Antonio's home was, of necessity, in Jerez, in Andalusia, where sherry is produced, and where the Ravel family vineyards had existed for a couple of centuries. With easy access to the playgrounds of Marbella, and the Costa del Sol, where Antonio was a well-known figure, always with a pretty woman—who was definitely not his wife—the location suited him just fine. Anyway, he knew he was better off away from Barcelona and Lorenza's long reach and knowing eye.

“You look beautiful,” he told her now, insincerely. “As always.”

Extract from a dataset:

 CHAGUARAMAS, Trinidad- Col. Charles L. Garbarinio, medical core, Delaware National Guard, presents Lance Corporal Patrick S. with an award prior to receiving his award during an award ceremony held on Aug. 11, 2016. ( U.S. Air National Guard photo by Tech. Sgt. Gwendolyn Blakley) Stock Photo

“Why, thank you, Antonio. I wish your father could have been here to hear you say that. He always believed you thought me vulgar and too sexy for my own good. Or his.”

“Oh, God, Lorenza.” Antonio rolled up his eyes and fiddled with his Hermès tie, a pattern of tiny green turtles running on a pink background, a frivilous contrast to his impeccably cut dark blue pinstripe suit.

“I like your tie,” Lorenza said, with a flash of mischief. “I've never figured out why men hate wearing ties when really it's the only pretty thing they're allowed. A touch of color, you know. Though,” she added, eyeing him up and then down again, “somehow I've always envisioned a winemaker as a man of the earth. You know, in khakis or blue jeans, an old plaid shirt. A man comfortable with himself.”

Antonio had been given his hardworking grandfather's name, plain and simple, but there was nothing plain and simple or hardworking about the grandson. He smoldered, silently now, thinking about his stepmother. He had never, ever, referred to Lorenza as his father's “wife,” eliminating her any way he could from “the family” even though she now
owned
that family. Right now, Antonio felt like killing his stepmother but contented himself with a dark glare that, had Lorenza been looking, would have told her so. Before he could make a stinging reply the doorbell rang and Buena, who had been lurking behind it, quickly flung it open.